The data:

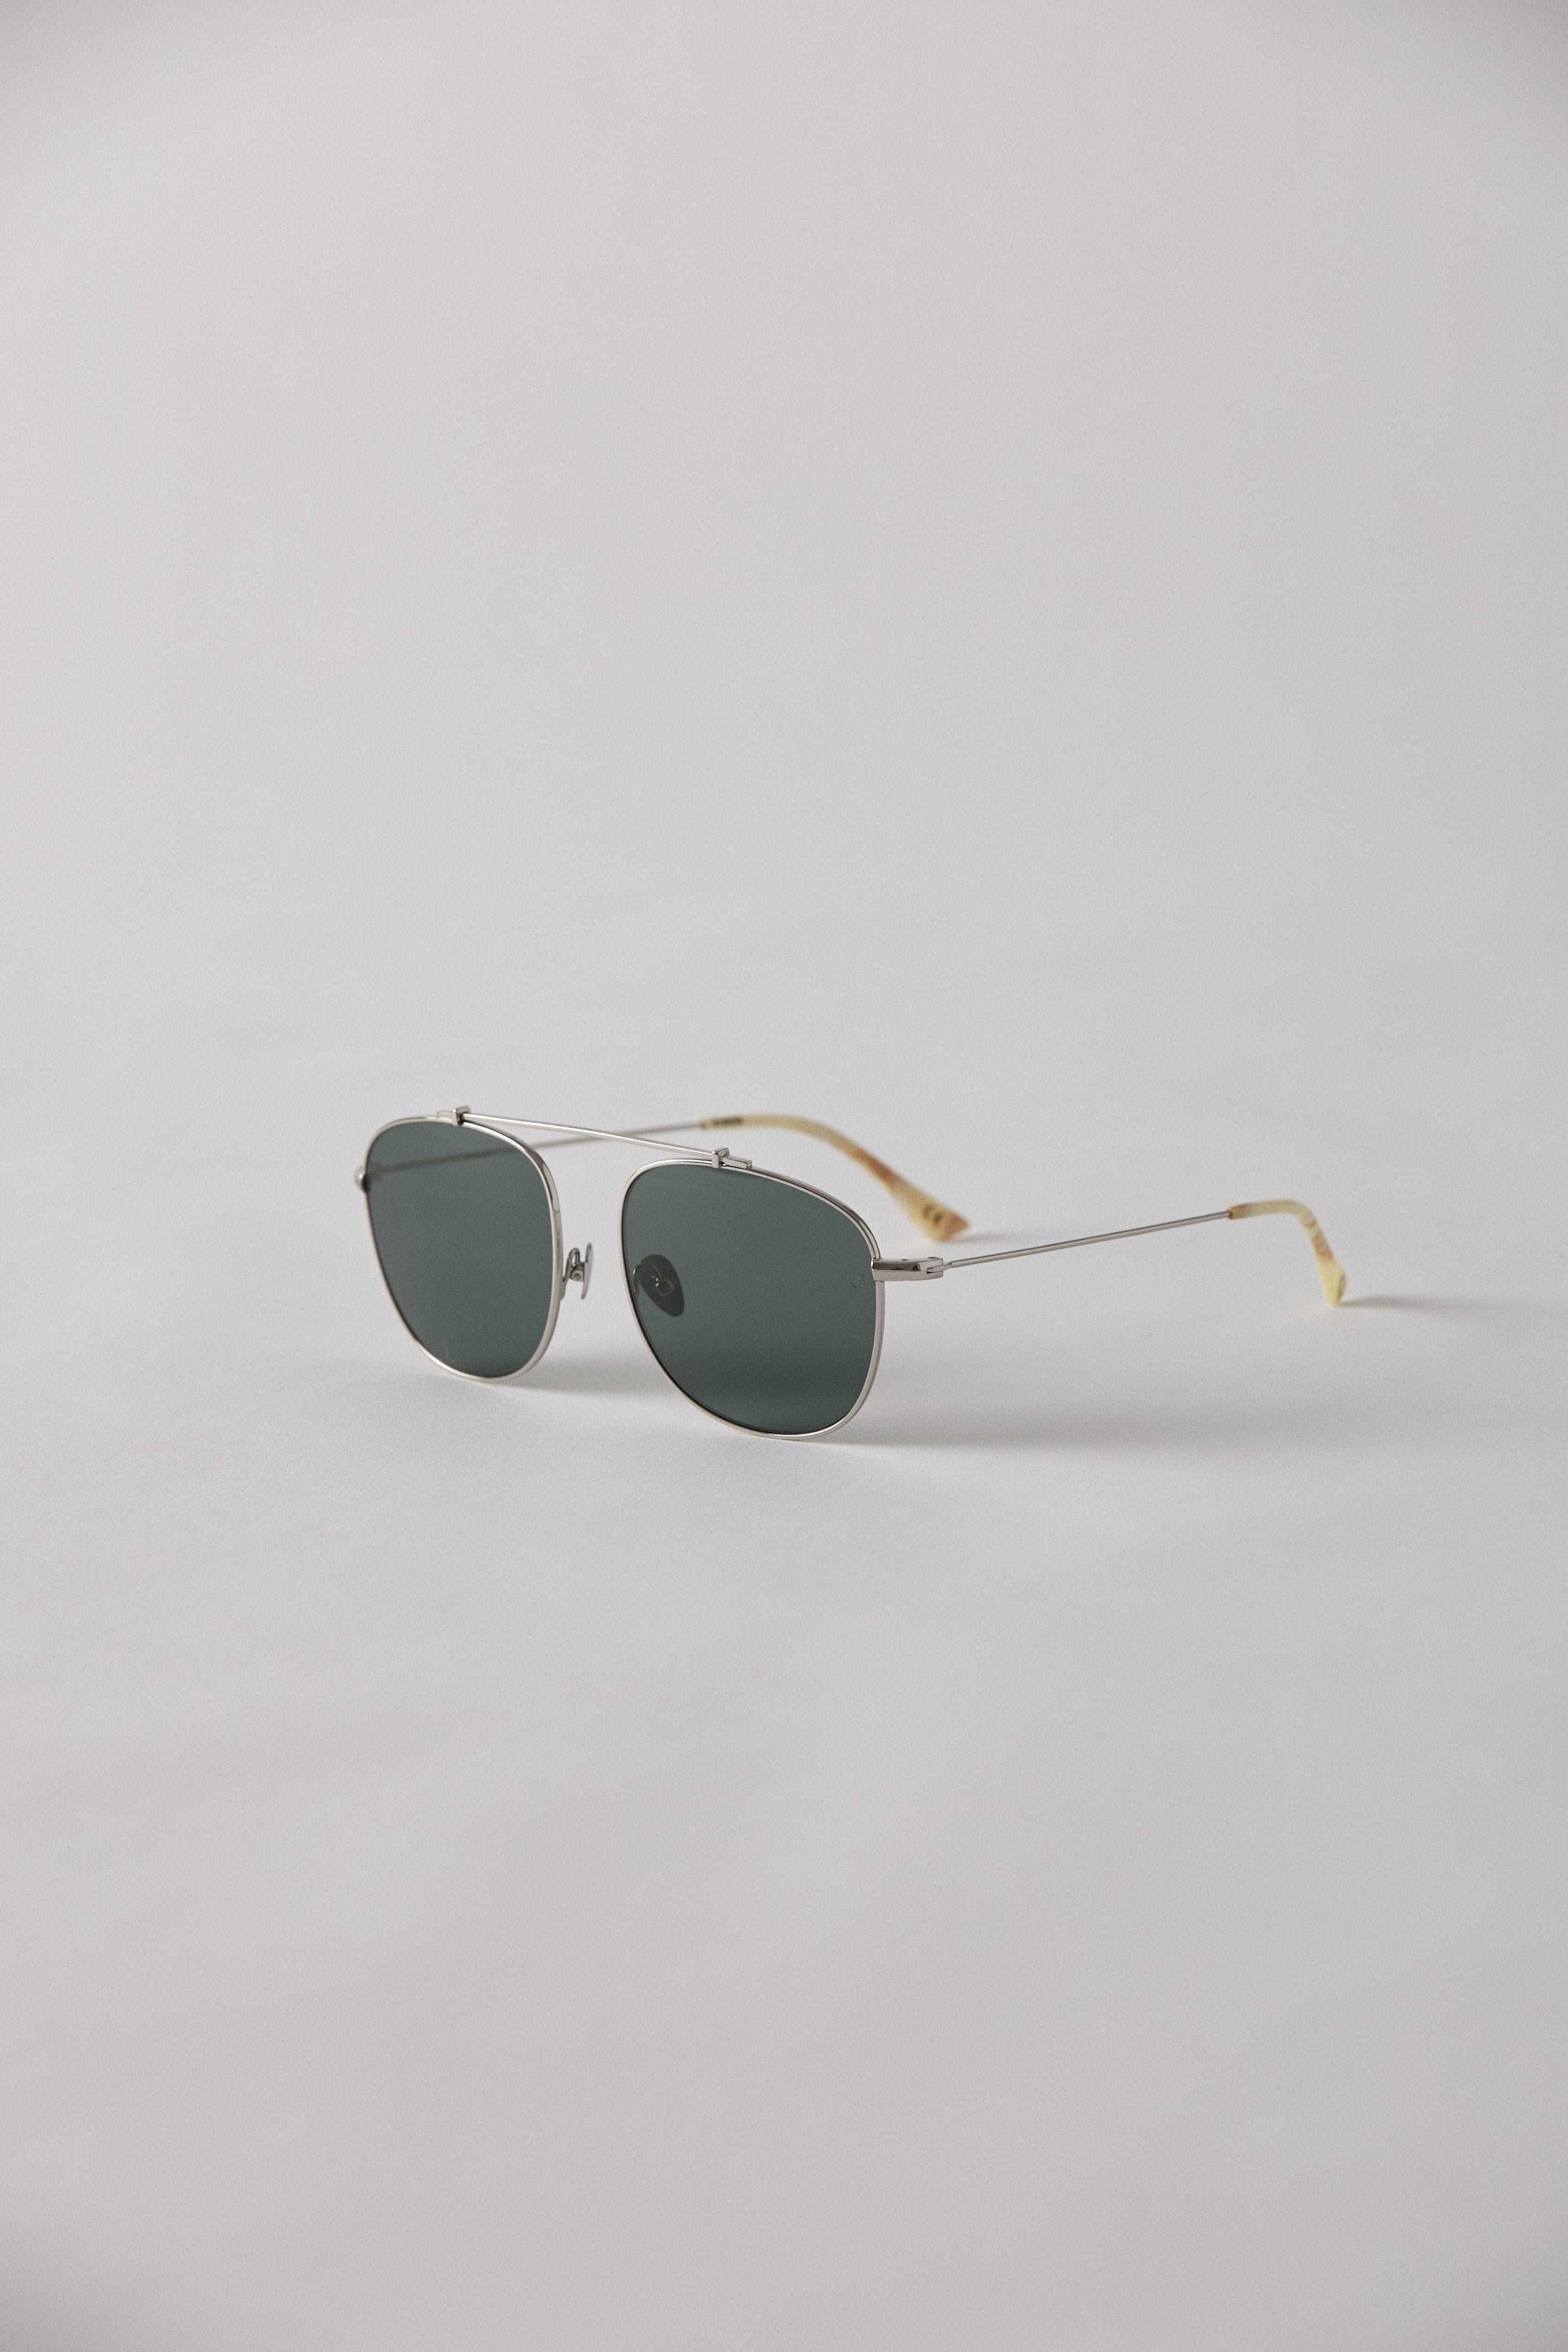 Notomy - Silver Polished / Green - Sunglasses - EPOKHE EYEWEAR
==
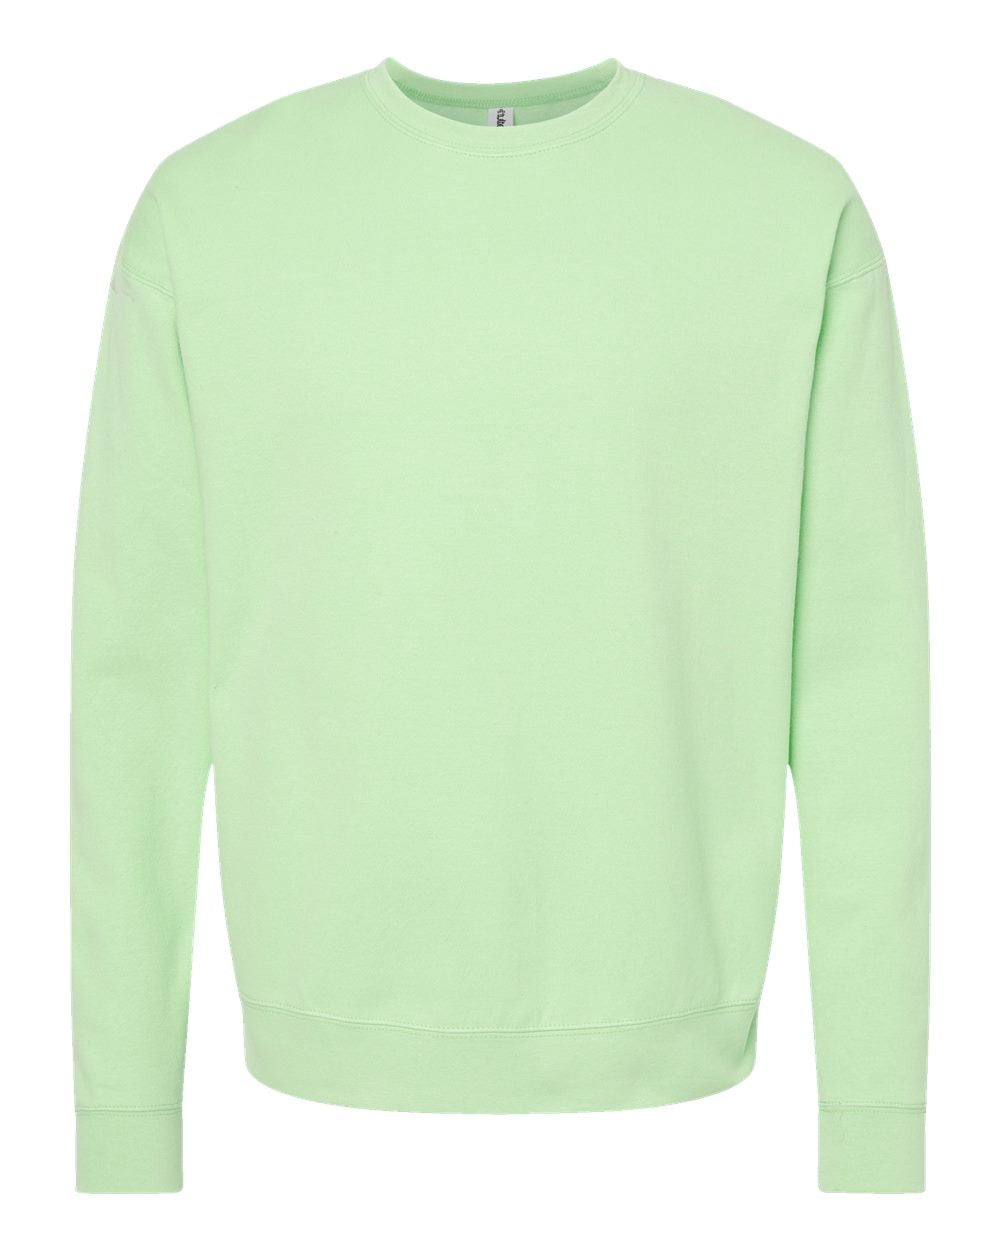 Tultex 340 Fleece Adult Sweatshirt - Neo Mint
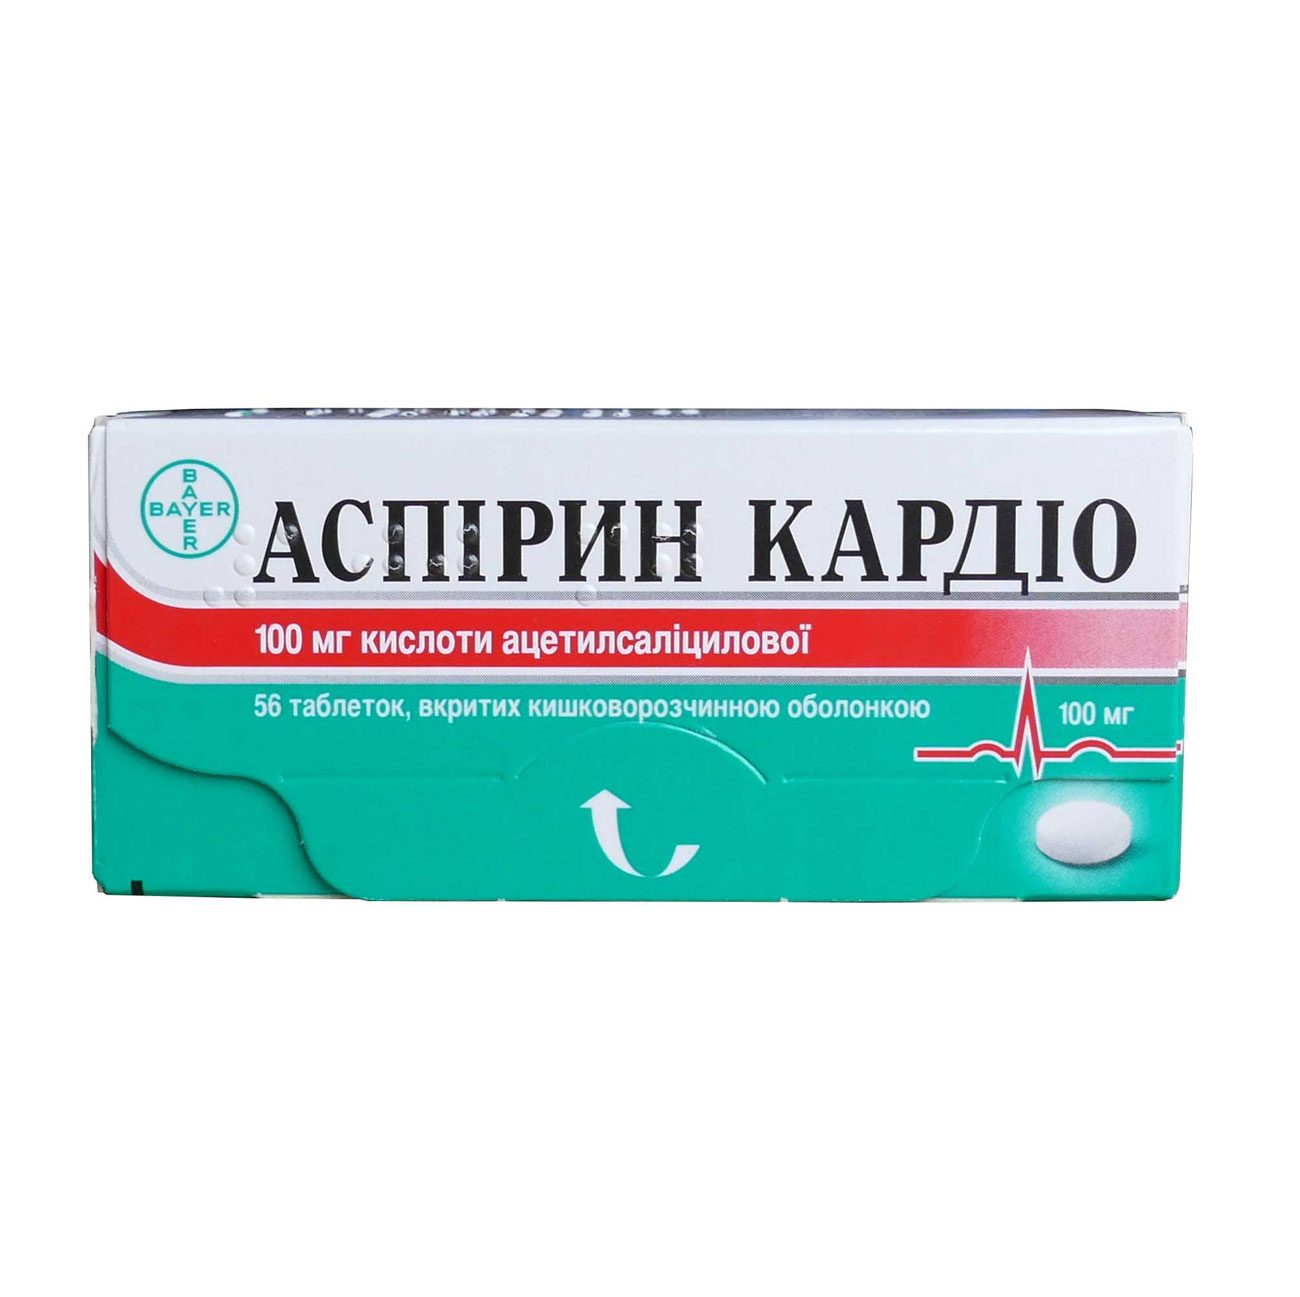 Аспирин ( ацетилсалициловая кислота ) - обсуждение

Prompt: Within the listing above, copy exactly the lines that start at the one with "Tultex 340 Fleece" and continue through the one with "Аспирин ( ацетилсалициловая". Omit pictures.

Response area:
 Tultex 340 Fleece Adult Sweatshirt - Neo Mint
 Аспирин ( ацетилсалициловая кислота ) - обсуждение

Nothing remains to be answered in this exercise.